Namun, giliran Italia yang menghadang mereka di babak perempat final. Tertinggal dua gol lebih dulu lewat gol Nicolo Barella (31’) dan Lorenzo Insigne (44’), Belgia sempat memperkecil ketertinggalan menjadi 1-2 sebelum turun minum berkat gol penalti Lukaku (45’).
Sayangnya di babak kedua, gol penyeimbang tak kunjung tiba hingga laga usai lantaran skuat Azzurri asuhan Roberto Mancini tetap tampil tenang.
Upaya Belgia untuk mengejar gol penyeimbang juga tak terlalu kentara di babak kedua.
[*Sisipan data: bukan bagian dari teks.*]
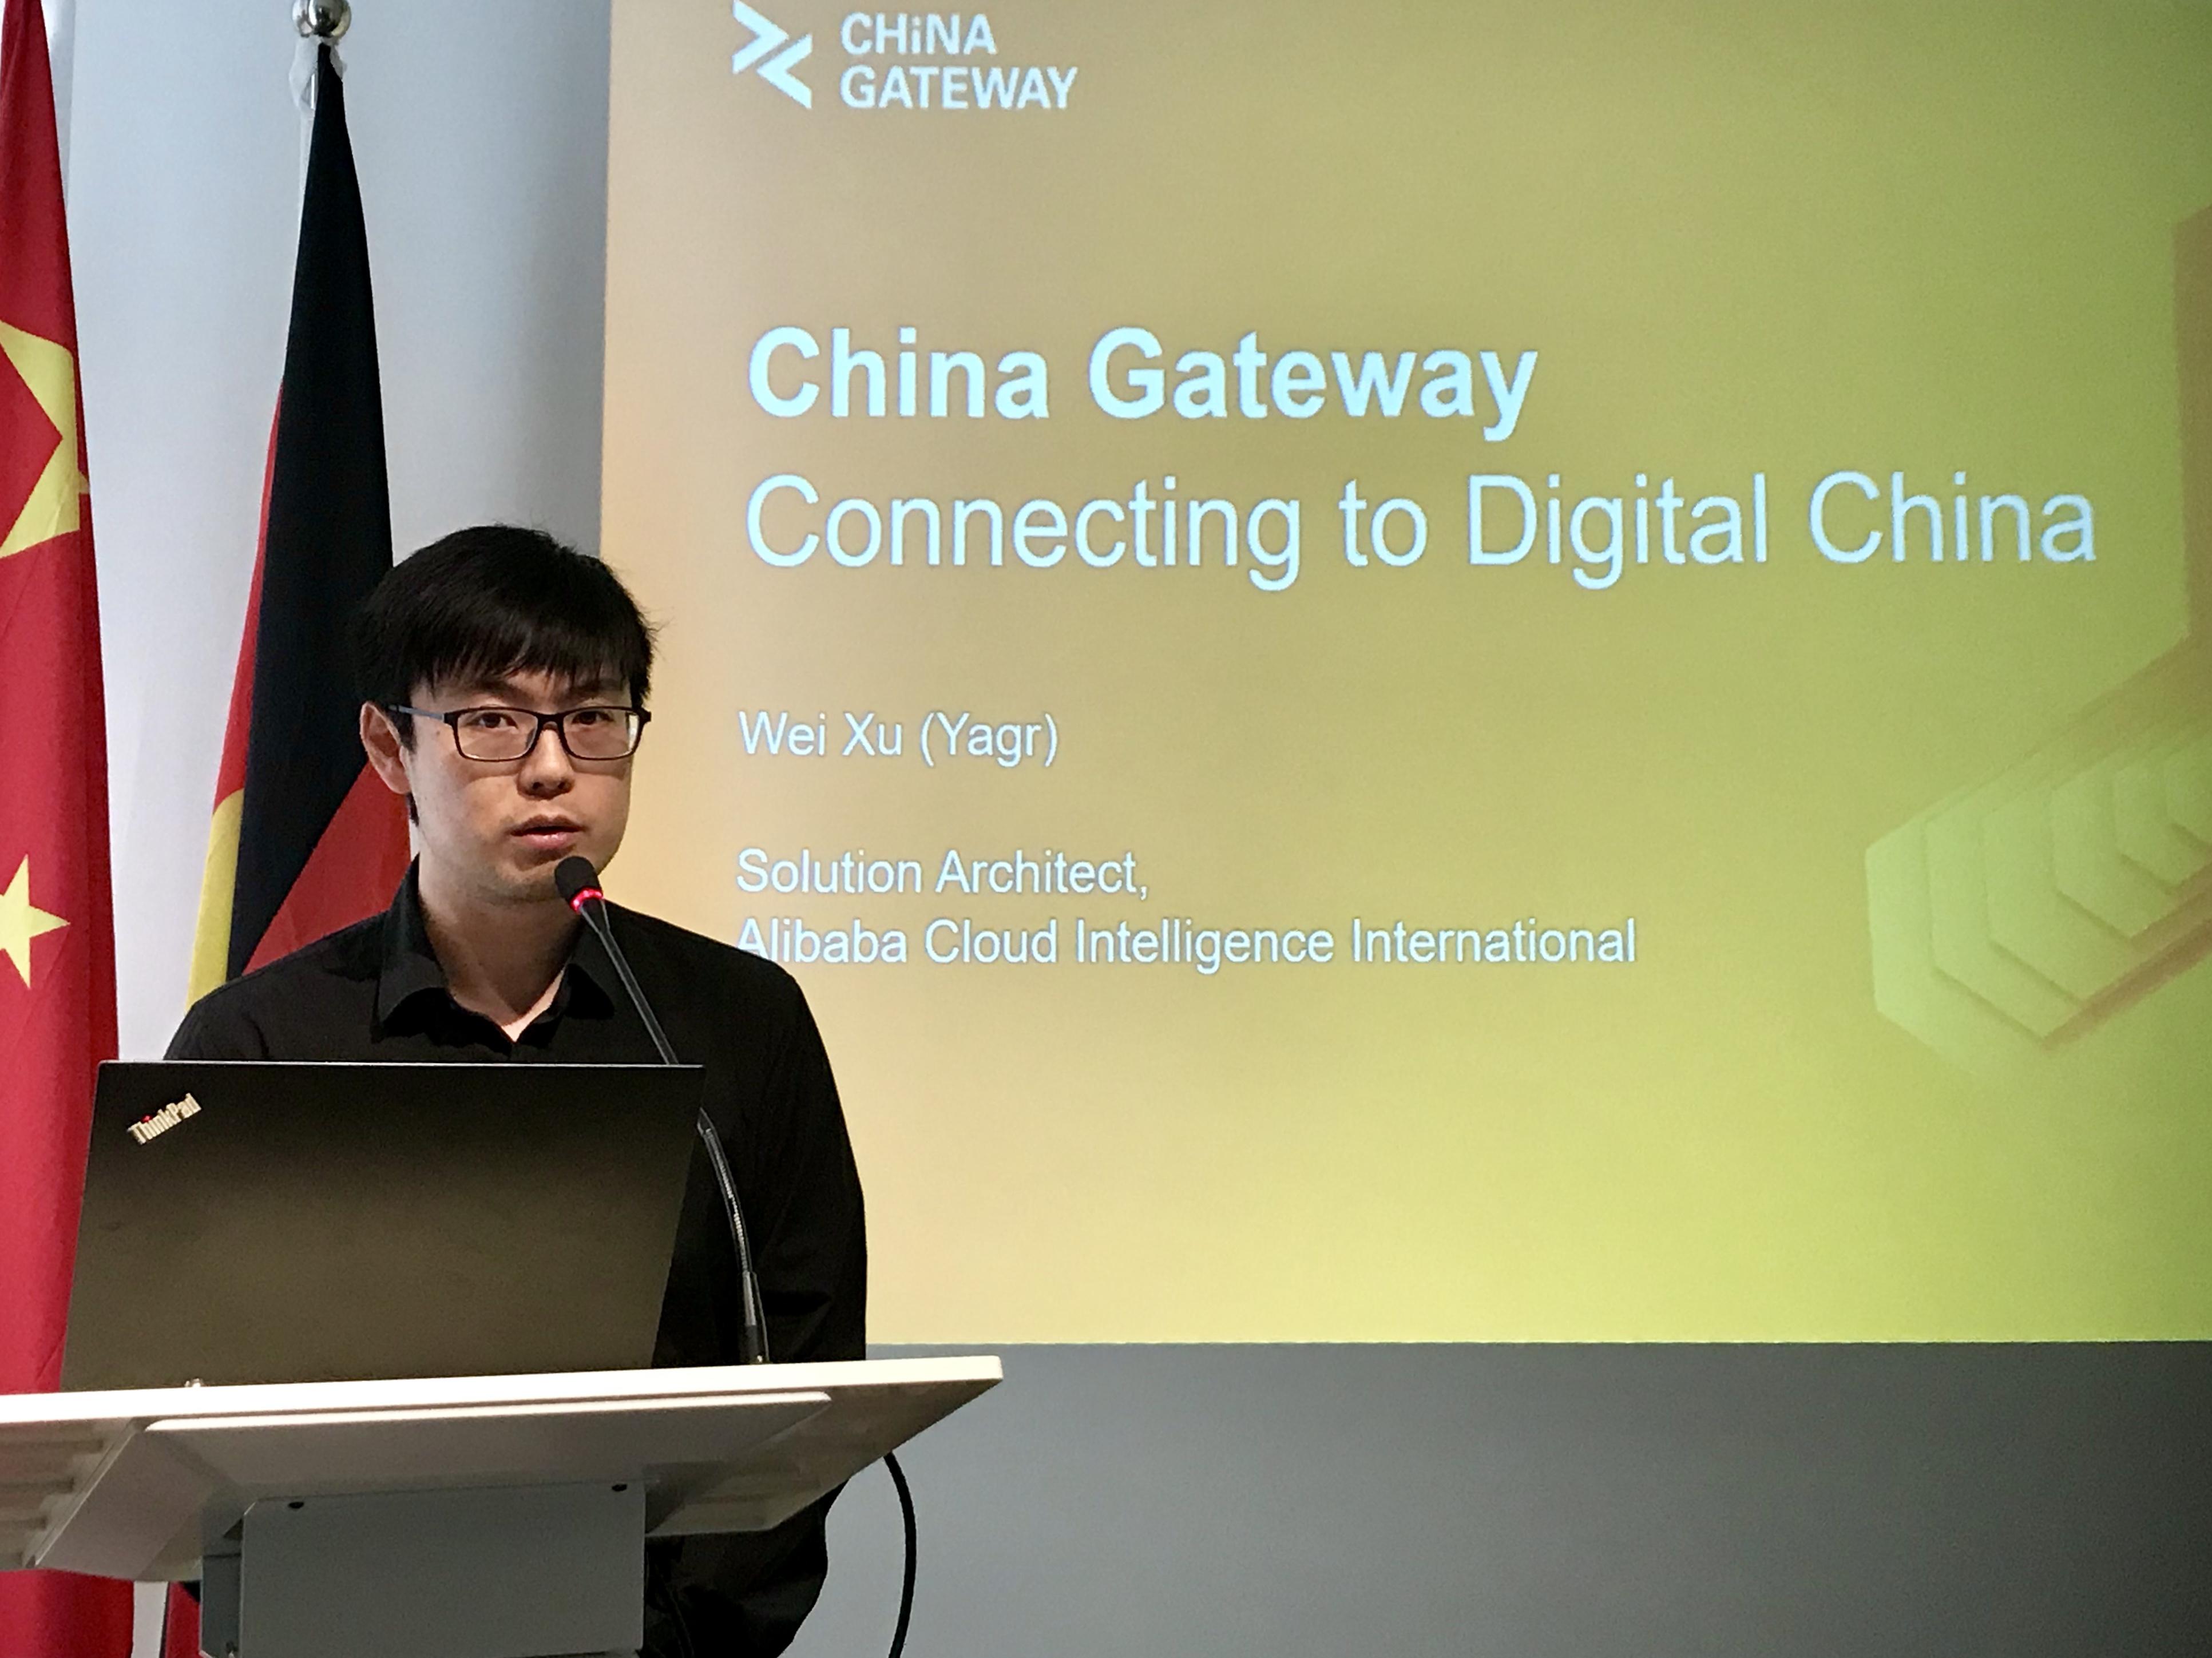 XU Wei beschreibt das Serviceangebot von Alibaba für Unternehmen

Skuat Azzurri asuhan Roberto Mancini tetap tampil tenang dengan terus mengimbangi persentase penguasaan bola (53% berbanding 47%) dan peluang (5 berbanding 5). Italia akhirnya keluar sebagai juara dengan mengalahkan Inggris di final lewat adu penalti.
- Piala Dunia 2022
Perjalanan Belgia di Piala Dunia 2022 lebih memilukan lagi. Tergabung di Grup F bersama Marokko, Kroasia, dan Kanada, mereka malah gugur di fase grup.
Setelah menang tipis 1-0 atas Kanada di laga pembuka, De Bruyne dkk. justru takluk 0-2 dari Marokko (0-2) dan ditahan imbang 0-0 oleh Kroasia. Marokko dan Kroasia lolos ke babak 16 besar.
- Berakhirnya era di Euro 2024
Setelah Kompany mundur dari timnas di tahun 2020, lalu menyusul Hazard (2022), tinggalah De Bruyne, Lukaku, Vertonghen, dan Axel Witsel yang tersisa di skuat Euro 2024.
Berhubung keempatnya sudah menginjak kepala tiga (De Bruyne/33 tahun, Lukaku/31 tahun, Vertonghen 37 tahun, Witsel 34 tahun), media-media Eropa menilai Euro 2024 ini sebagai kesempatan terakhir bagi sisa-sisa skuat generasi emas Belgia untuk bisa mencicipi gelar juara. Nyatanya, harapan itu tak juga terwujud.